Guangyu Shi, Luming Li, Mengke Song
Journal of Electronic Imaging, Vol. 33, Issue 05, 053059, (October 2024) https://doi.org/10.1117/1.JEI.33.5.053059
TOPICS: Graphic design, Visualization, Color, Design, Image quality, Lithium, Education and training, Semantics, Image processing, Atmospheric modeling
The rapid development of computer vision and deep learning has significantly advanced image aesthetic assessment, yet traditional methods, which primarily rely on low-level visual features such as color and texture, often struggle with the complexity of graphic design images. These images are characterized by diverse design elements, including color, typography, and layout, as well as various styles such as minimalism, retro, and modernism, presenting substantial challenges to conventional assessment techniques. To overcome these limitations, we propose an innovative multimodal learning approach that integrates image content with textual descriptions to comprehensively analyze the aesthetic qualities of graphic design images.
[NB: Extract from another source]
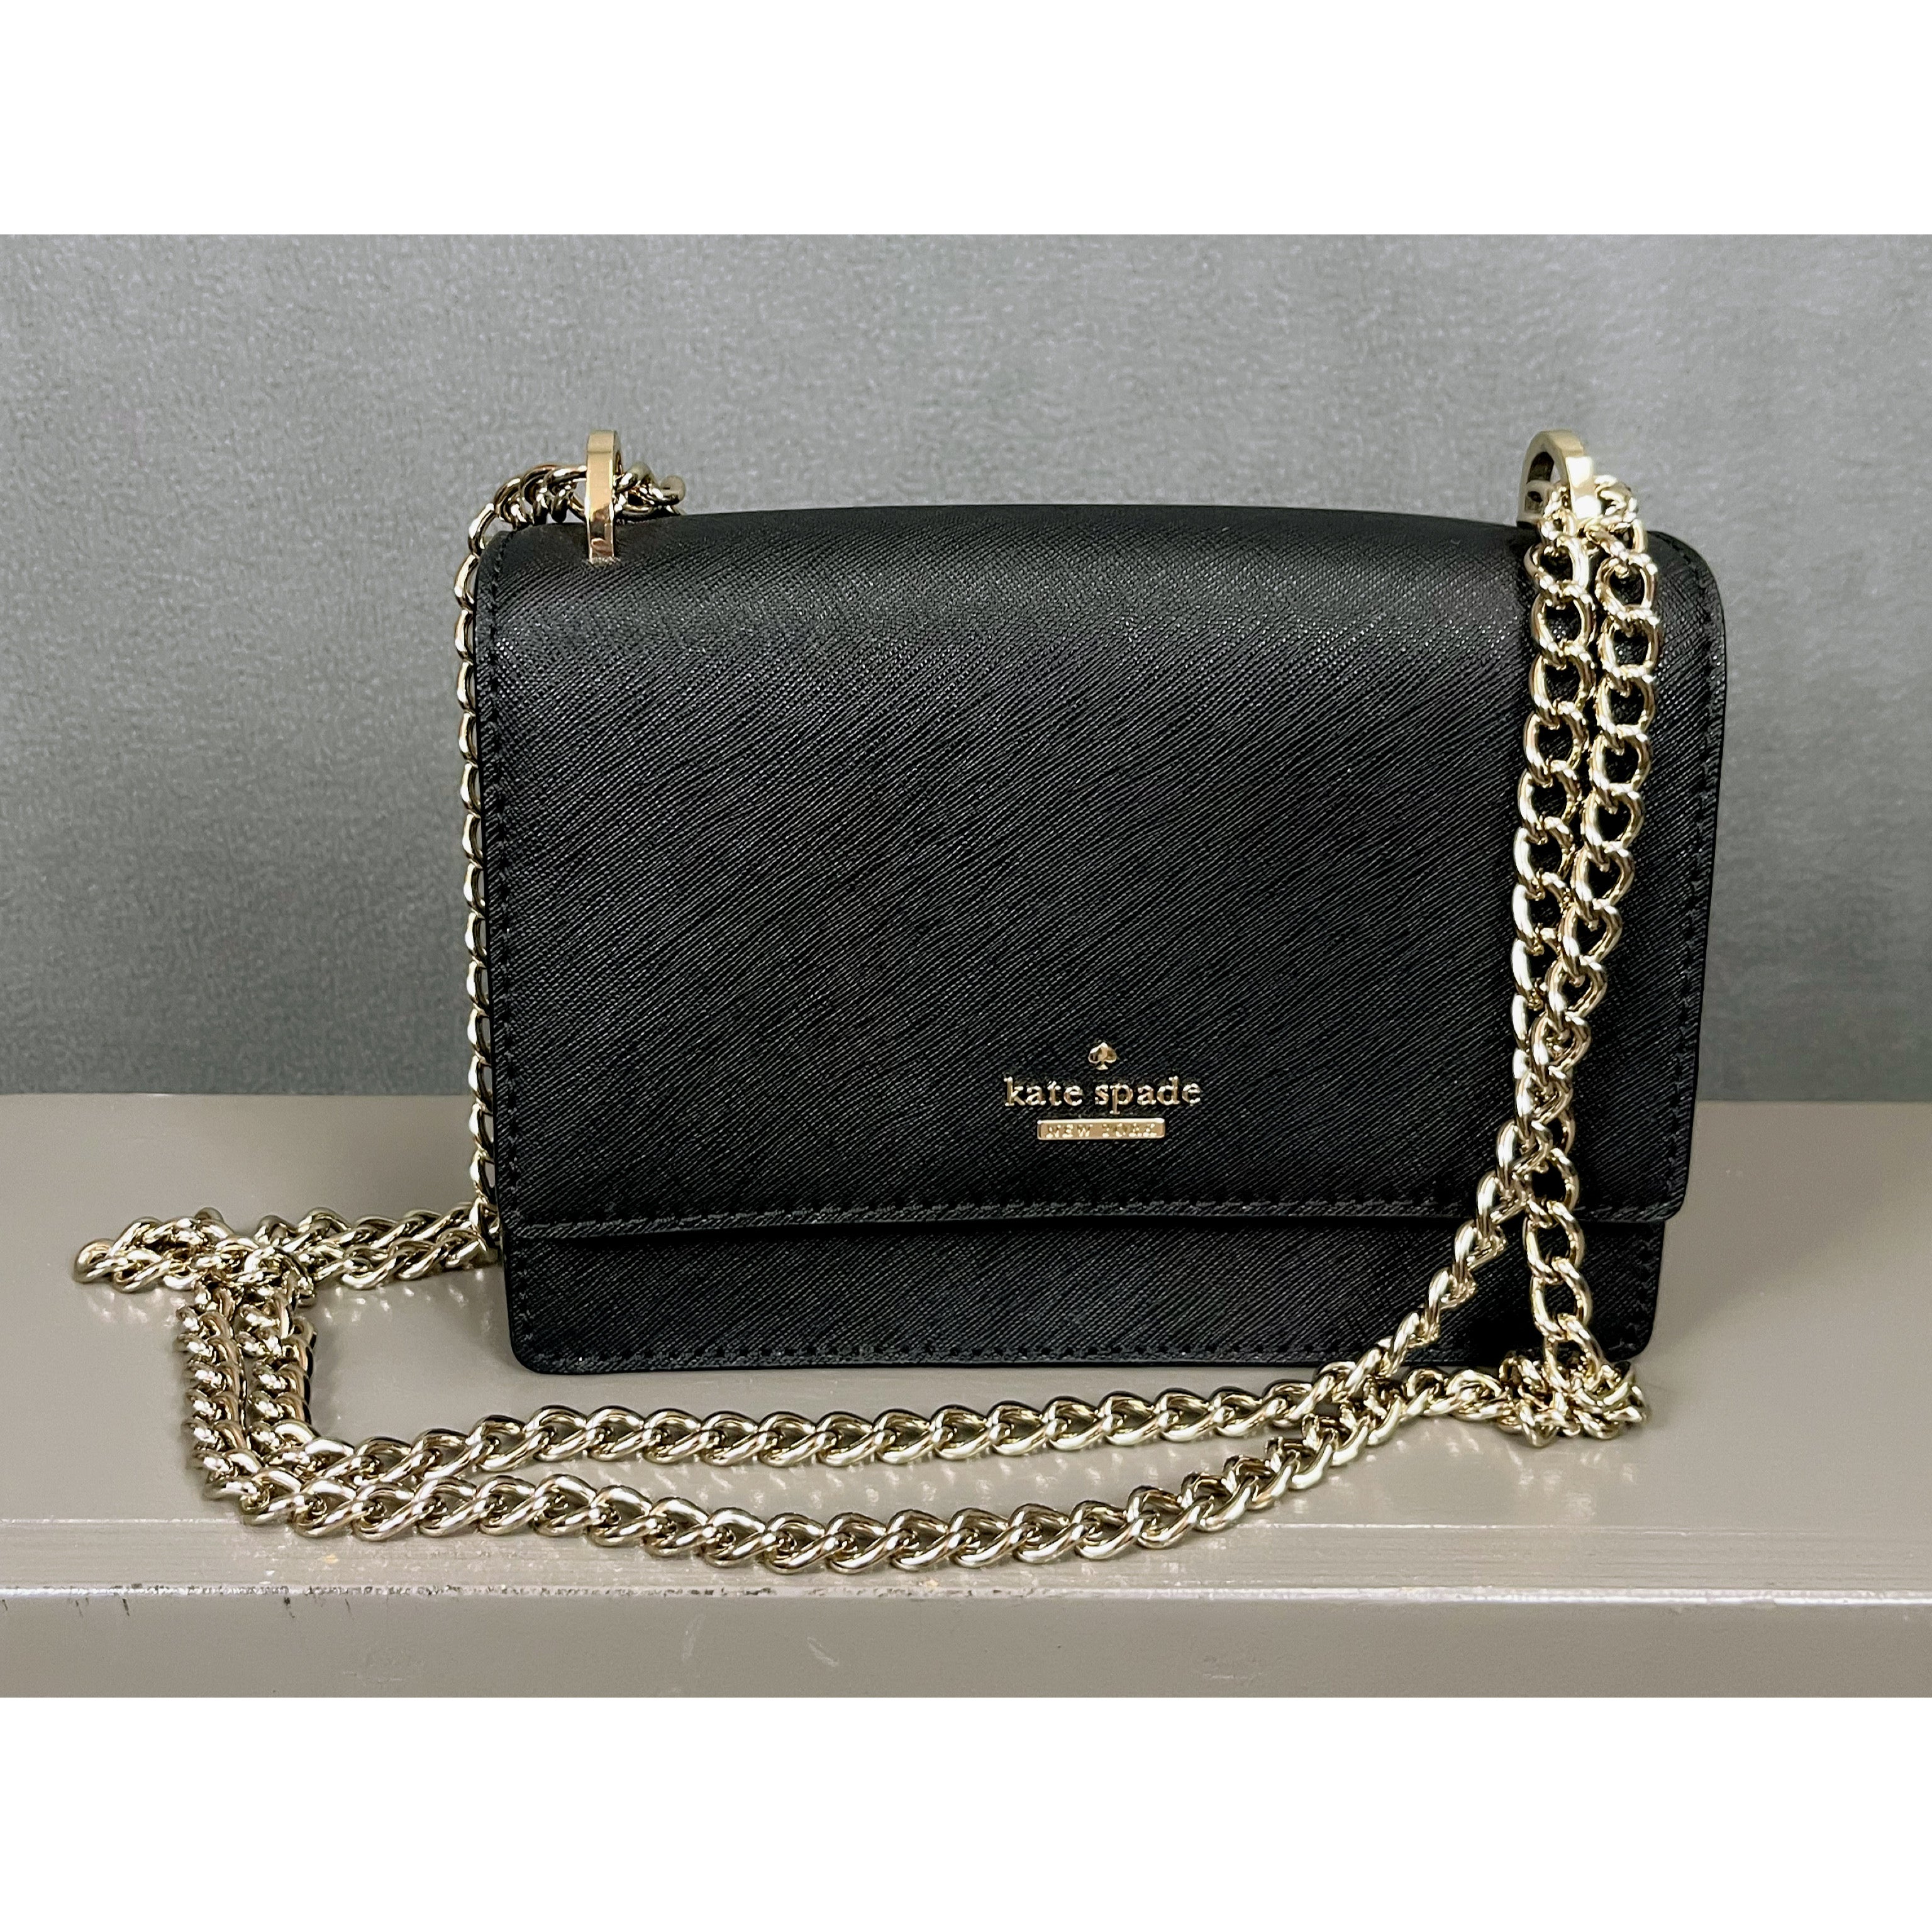 Kate Spade black bag with gold chain, like new!

The core innovation of our method lies in the utilization of two distinct textual description methodologies: holistic descriptions, which capture the main theme of the design, and detailed descriptions, which focus on specific aspects such as composition, color, detail, and atmosphere. This dual approach allows for a more nuanced and complete assessment of aesthetic value. To effectively merge these descriptions with visual content, we introduce a feature similarity blending mechanism that aligns and integrates features from both modalities, enhancing the representation of aesthetic attributes. In addition, we employ a score bagging technique to aggregate scores from multiple fused features, ensuring robustness and reliability in the assessments. Our method is implemented within a multi-task learning framework, enabling simultaneous prediction across multiple rating dimensions. Experimental results demonstrate that, compared with the state-of-the-art TAHF method, our approach achieves notable improvements in Spearman’s rank correlation coefficient—by 1.7%, 3.4%, and 2.6% on the HDDI, BAID, and TAD66K datasets, respectively—along with consistent gains in Pearson’s linear correlation coefficient and accuracy. Moreover, our method achieves these performance improvements with fewer parameters and lower computational complexity, highlighting its efficiency and effectiveness in graphic design image aesthetic assessment.